The lines to retype run from the one containing "Stadler Bookkeeping &" through the end of the listing below. Reproduce them exactly, leaving out pictures.

DATA BELOW:
*****
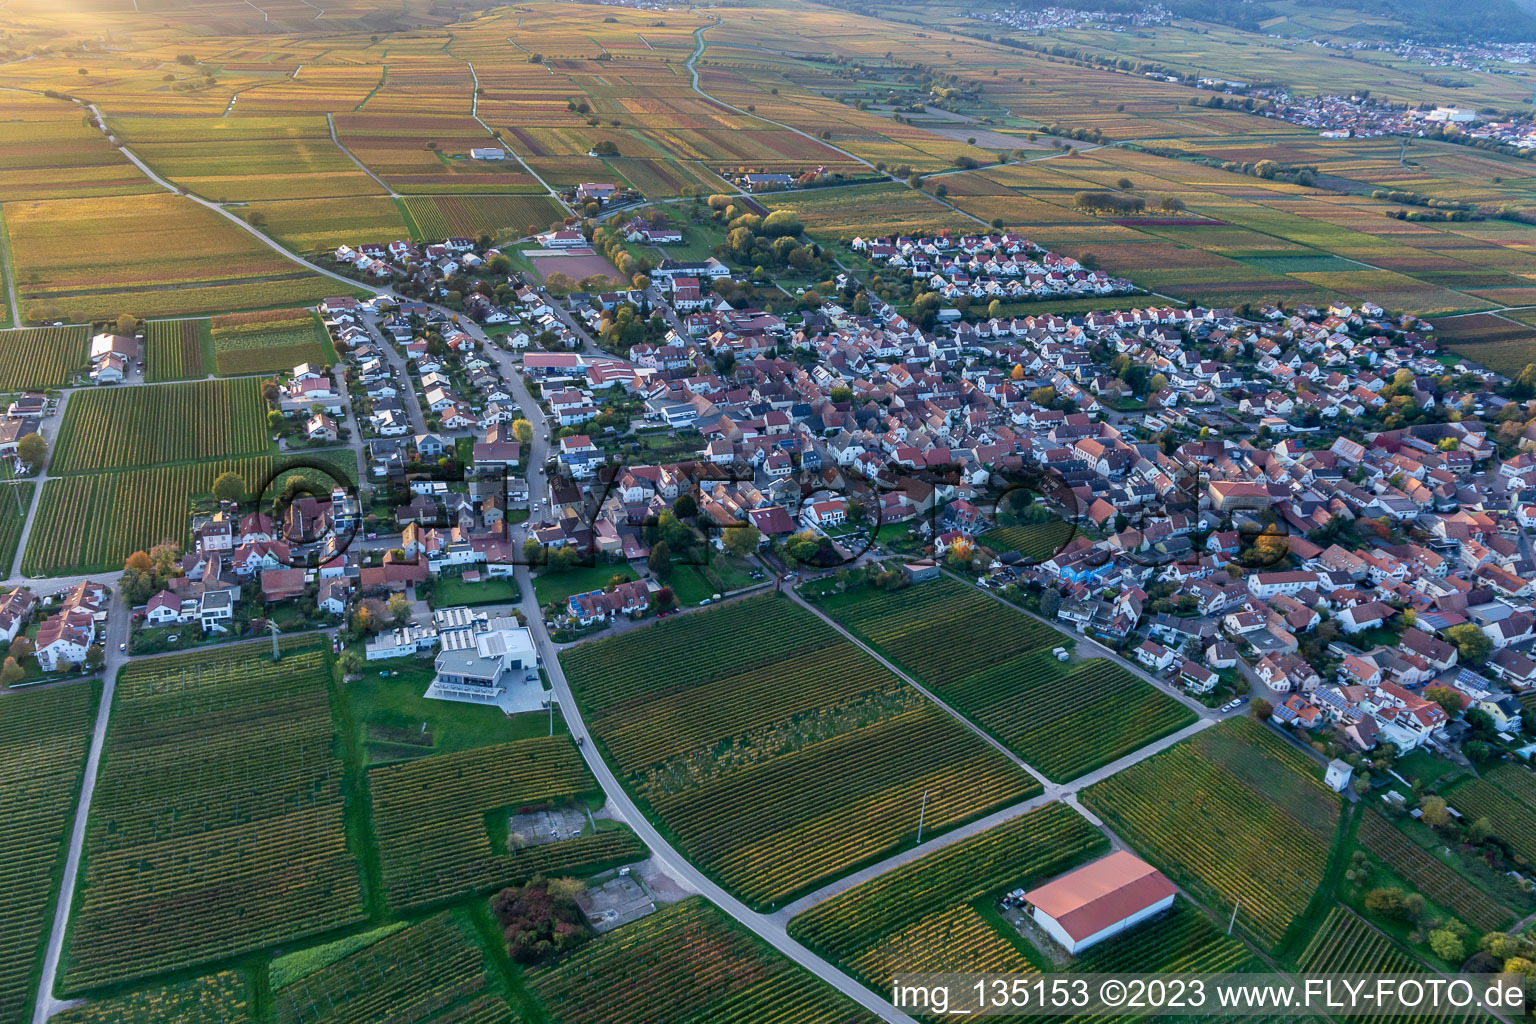 Drone image of District Nußdorf in Landau in der Pfalz in the state Rhineland-Palatinate, Germany
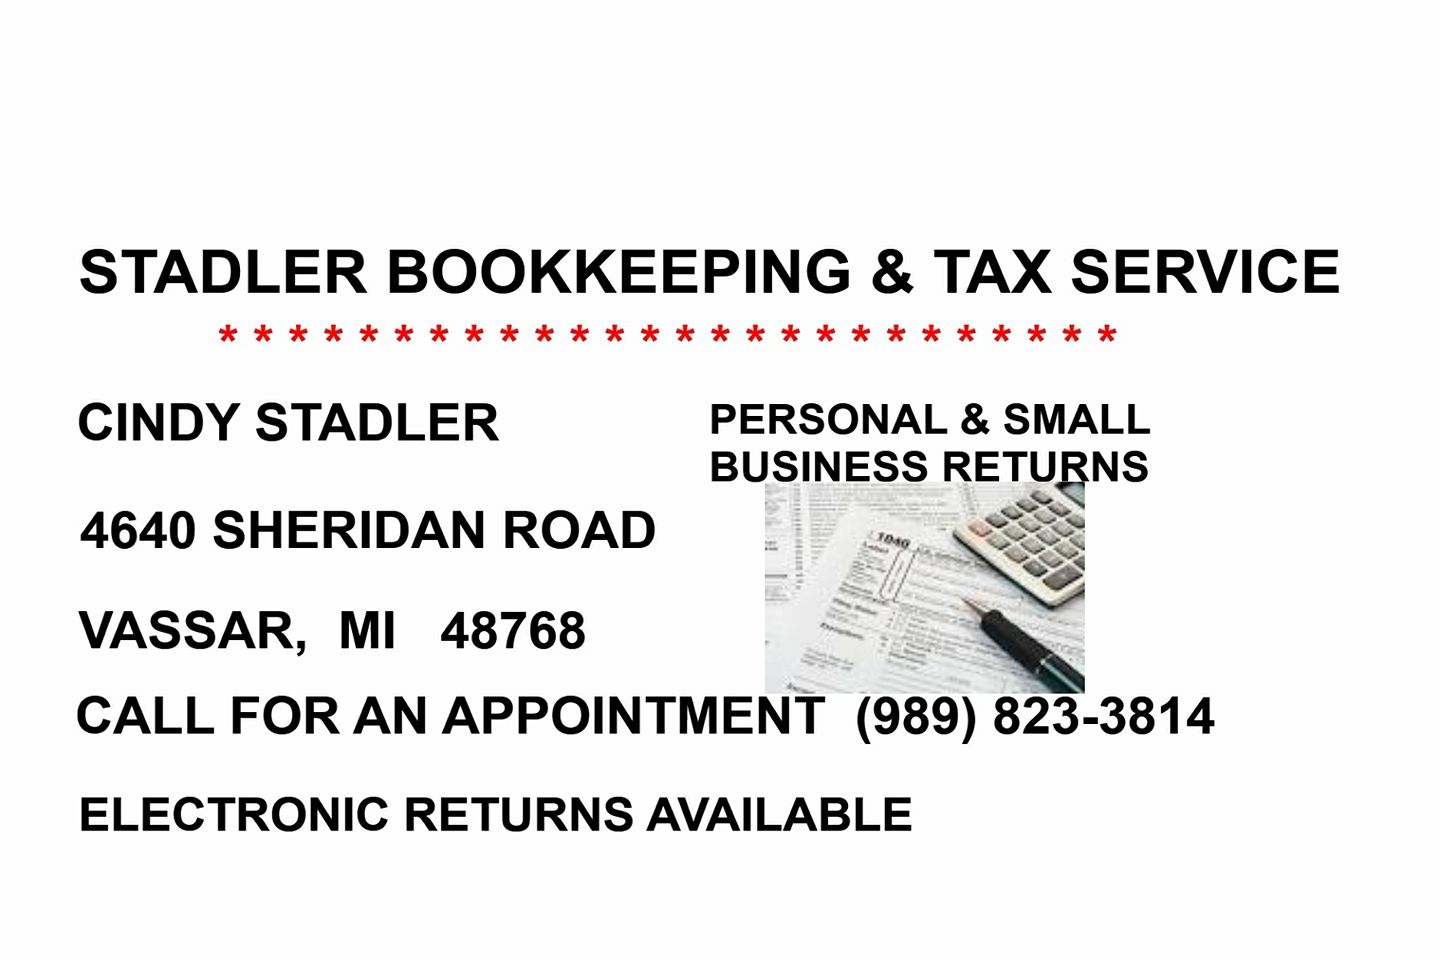 Stadler Bookkeeping & Tax Services 4640 Sheridan Rd, Vassar Michigan 48768
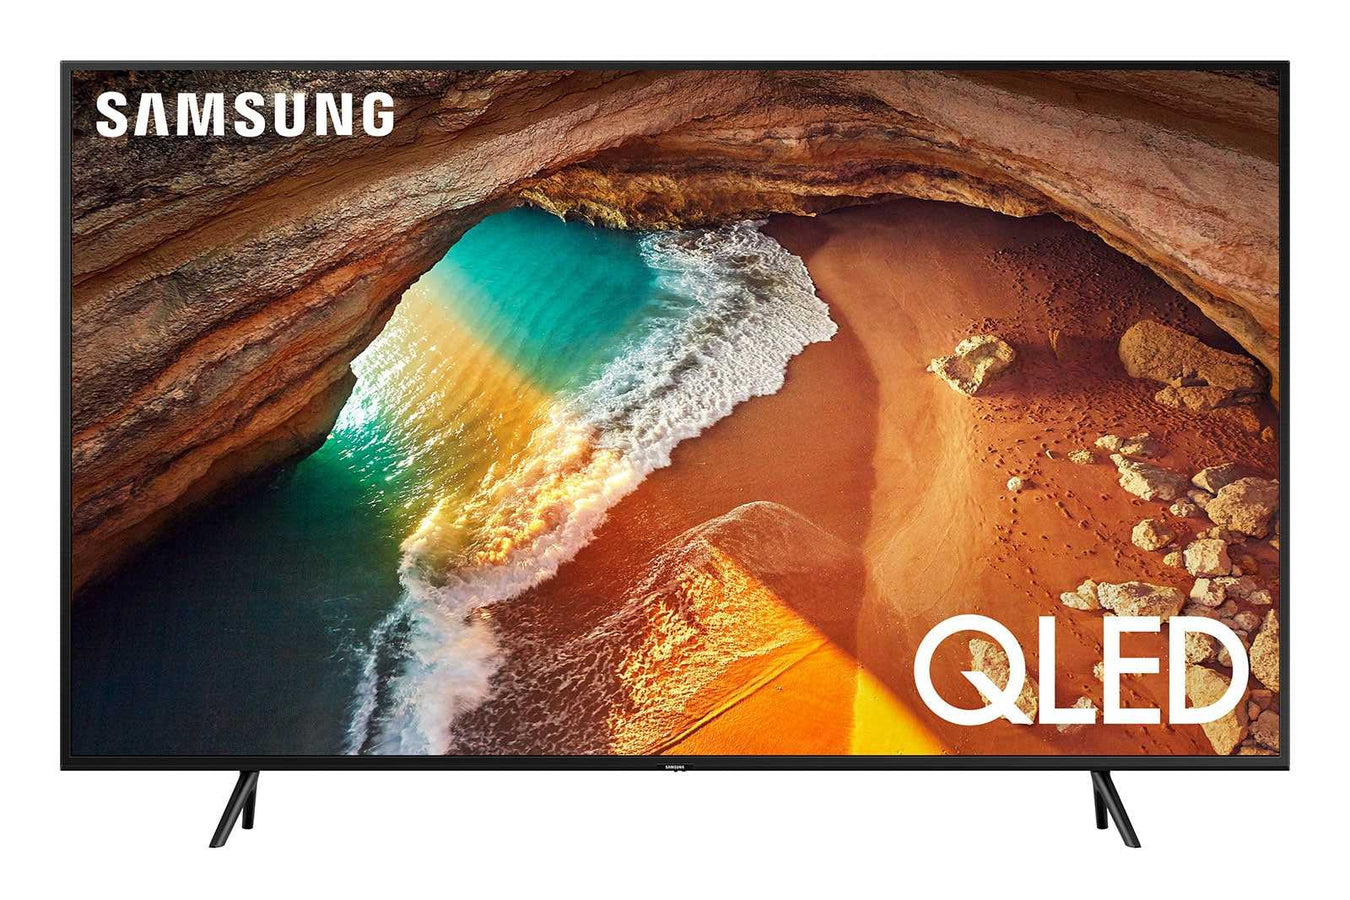 Samsung TVs for sale
*****
OUTPUT OF THE TASK:
 Stadler Bookkeeping & Tax Services 4640 Sheridan Rd, Vassar Michigan 48768
 Samsung TVs for sale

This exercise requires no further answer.